DATA PROVIDED =>
========================================
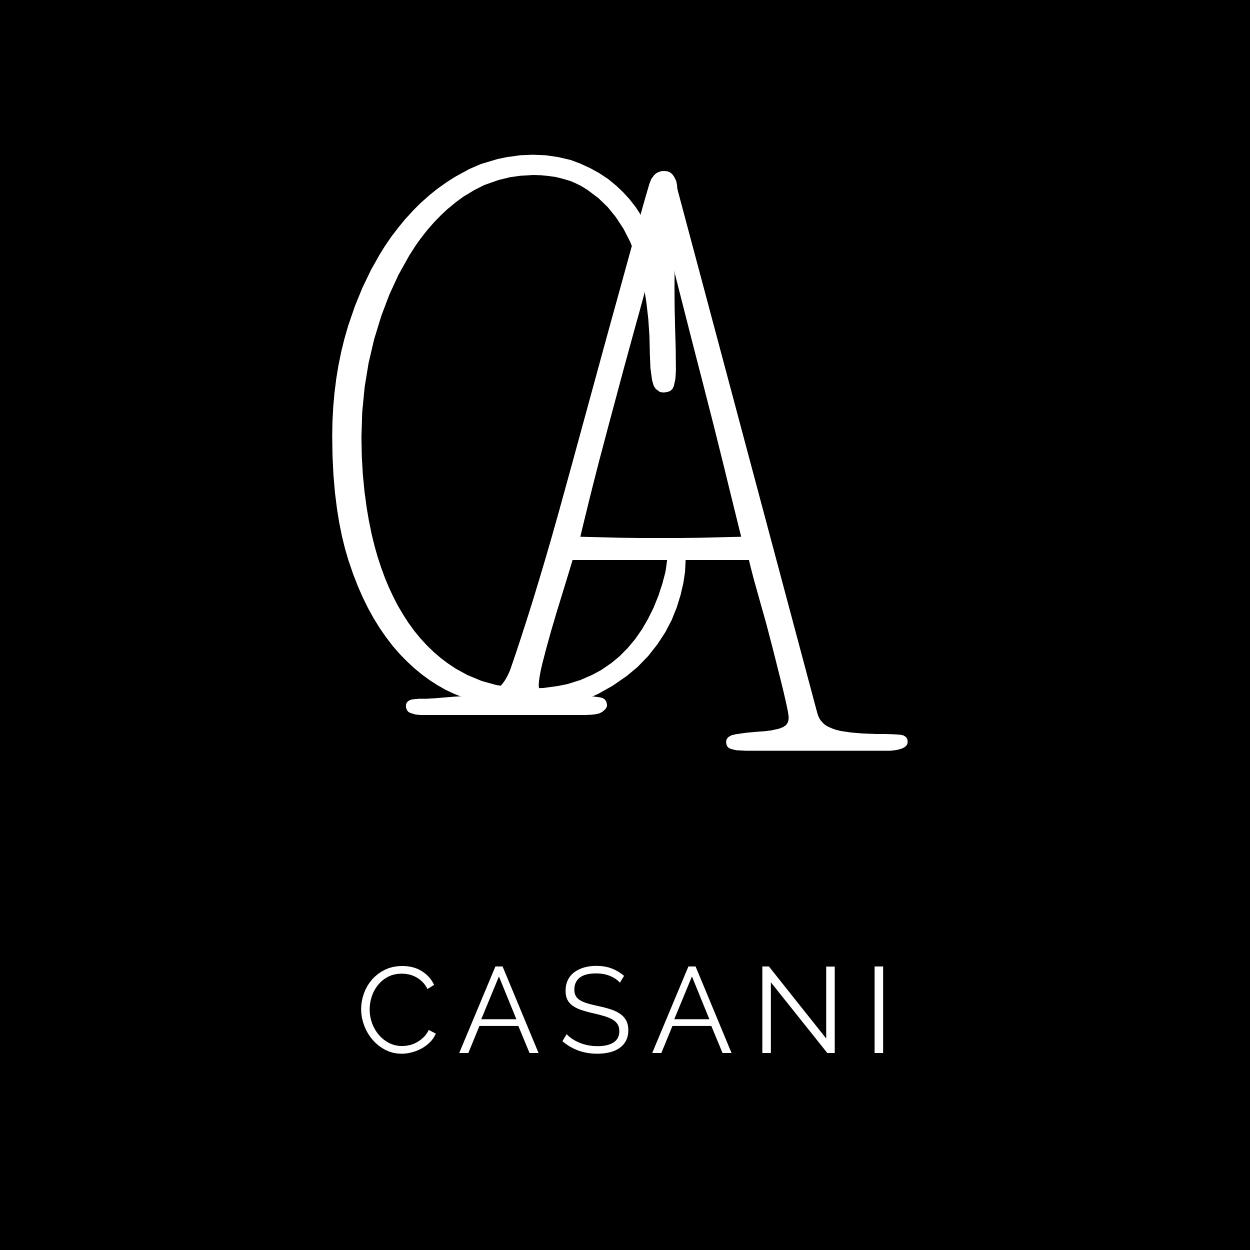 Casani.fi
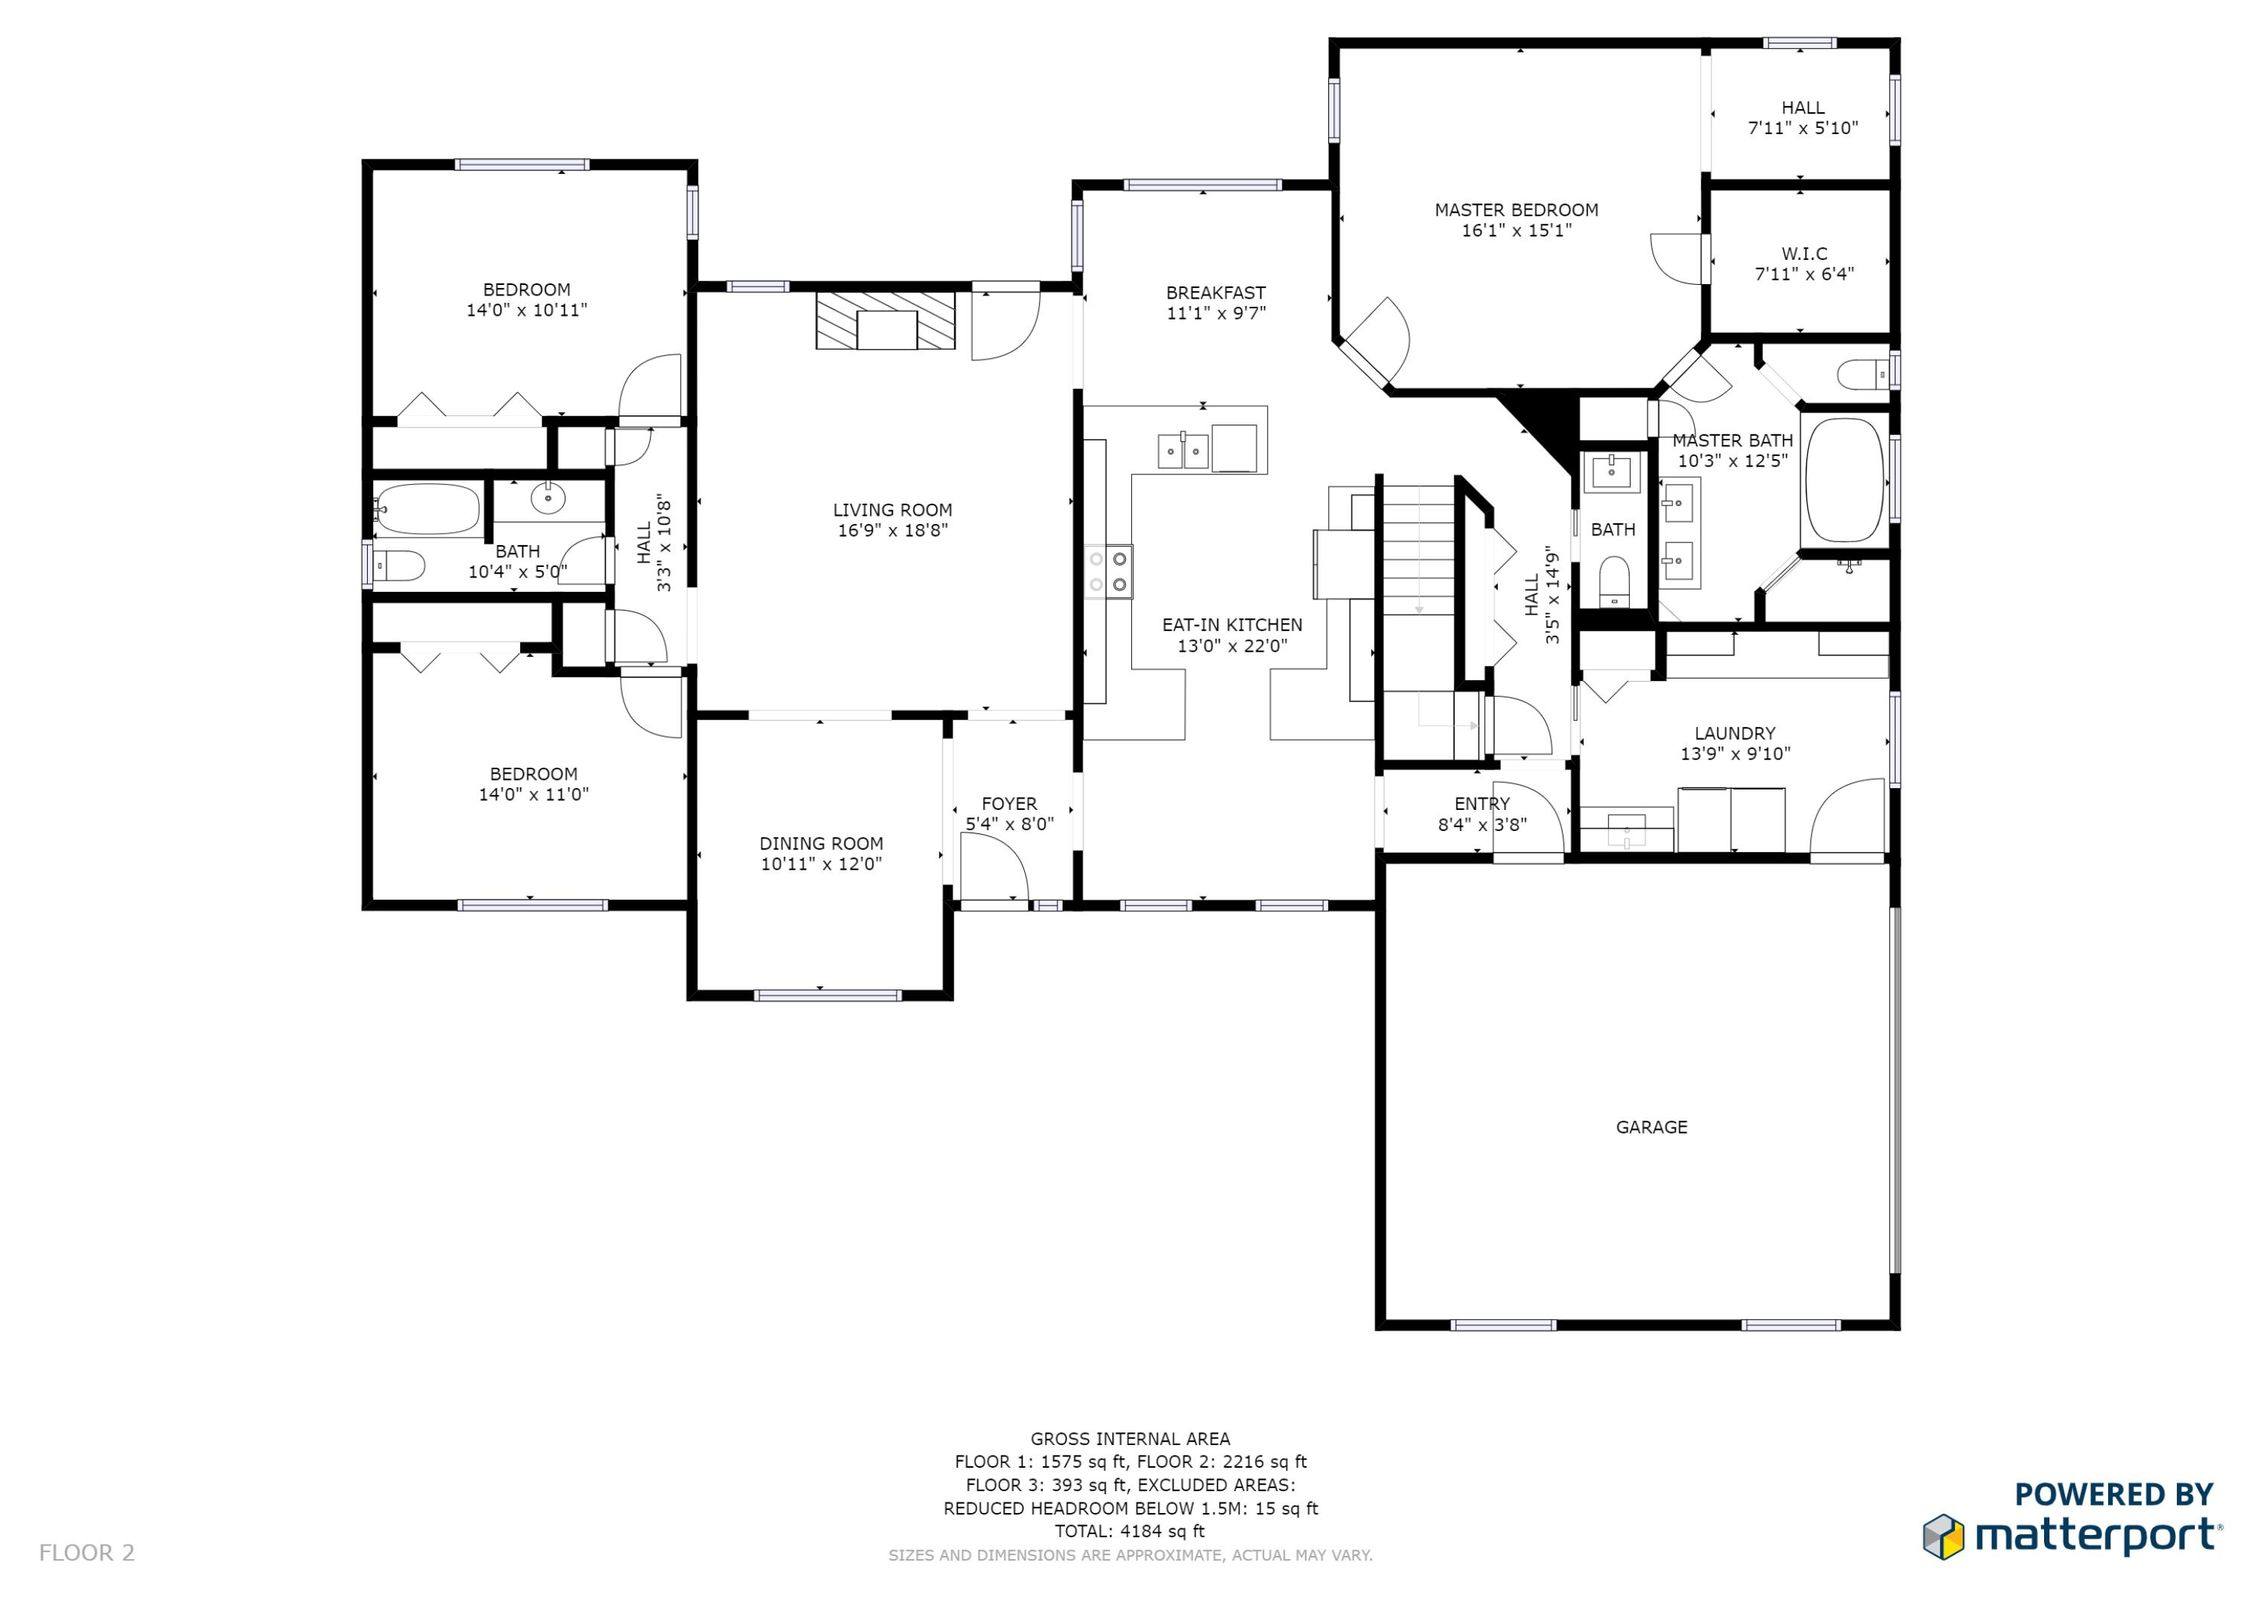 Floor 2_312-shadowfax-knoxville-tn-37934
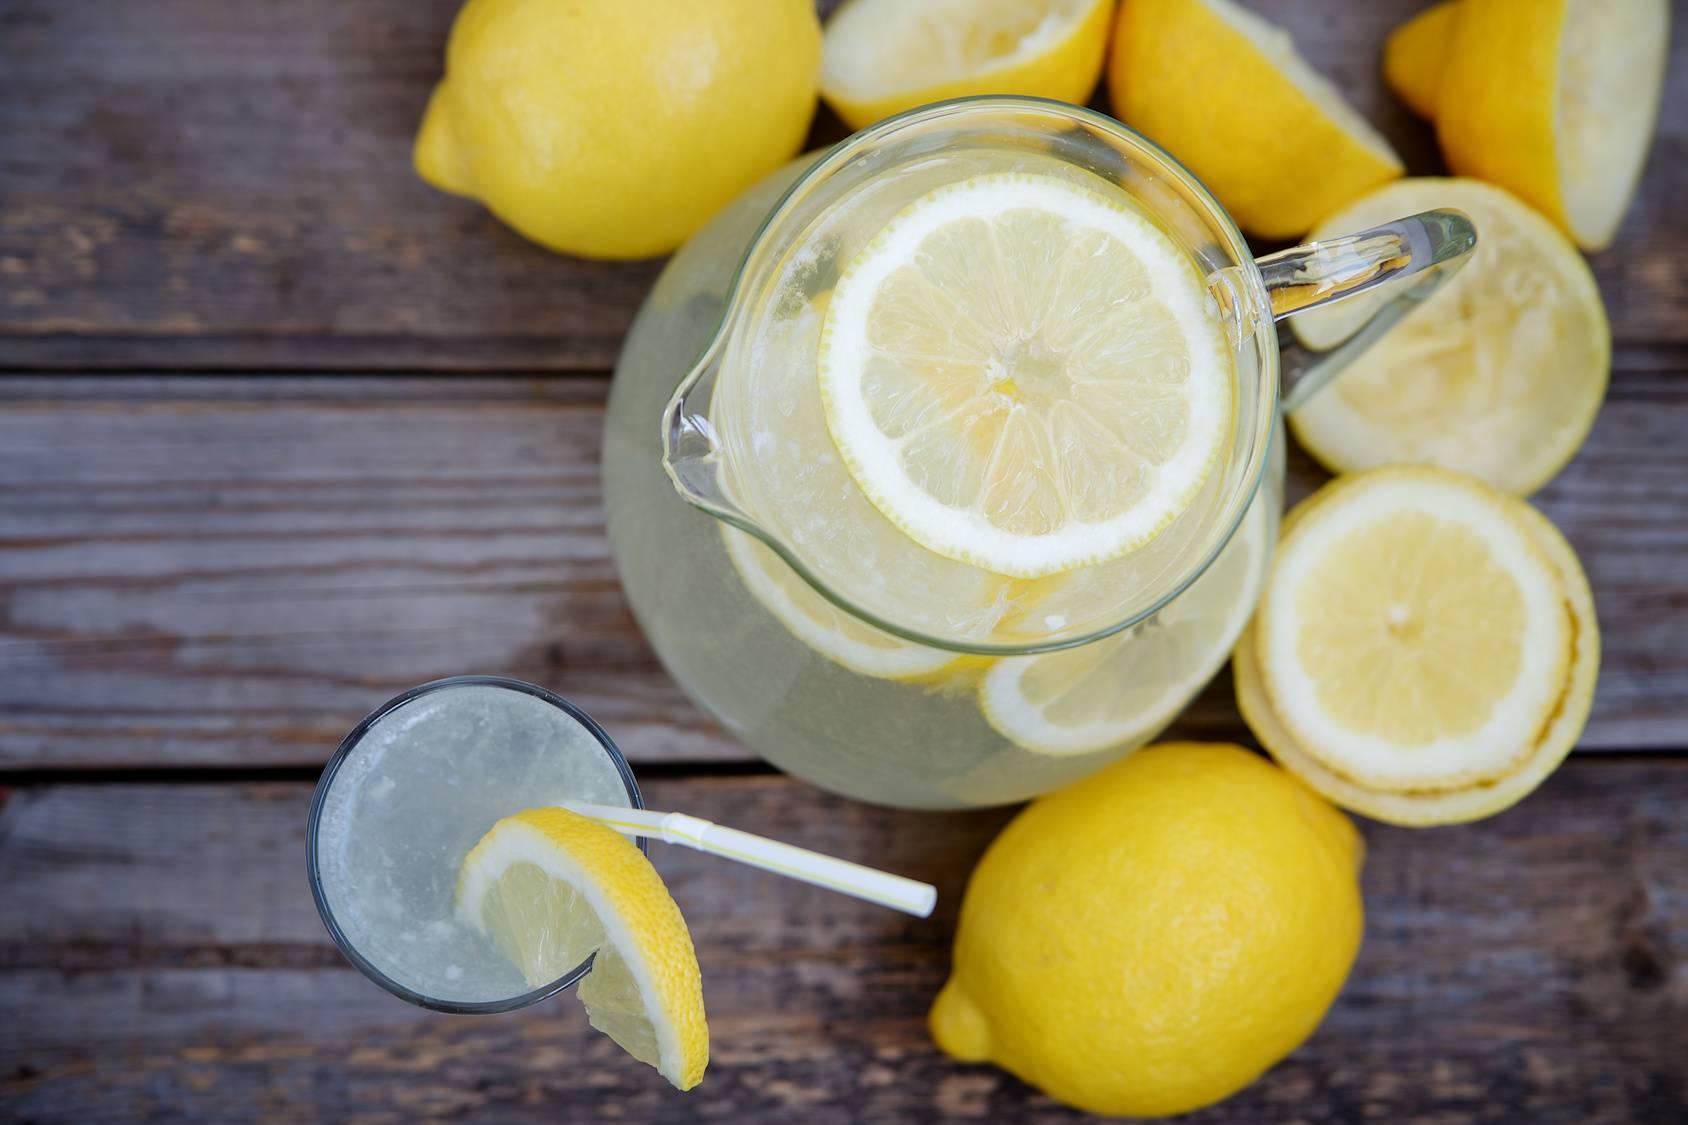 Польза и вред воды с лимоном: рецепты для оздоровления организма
========================================
ASSIGNMENT => When you set down the material above, keep every word exact and include no pictures.

OUTPUT FOR THIS EXERCISE =>
 Casani.fi
 Floor 2_312-shadowfax-knoxville-tn-37934
 Польза и вред воды с лимоном: рецепты для оздоровления организма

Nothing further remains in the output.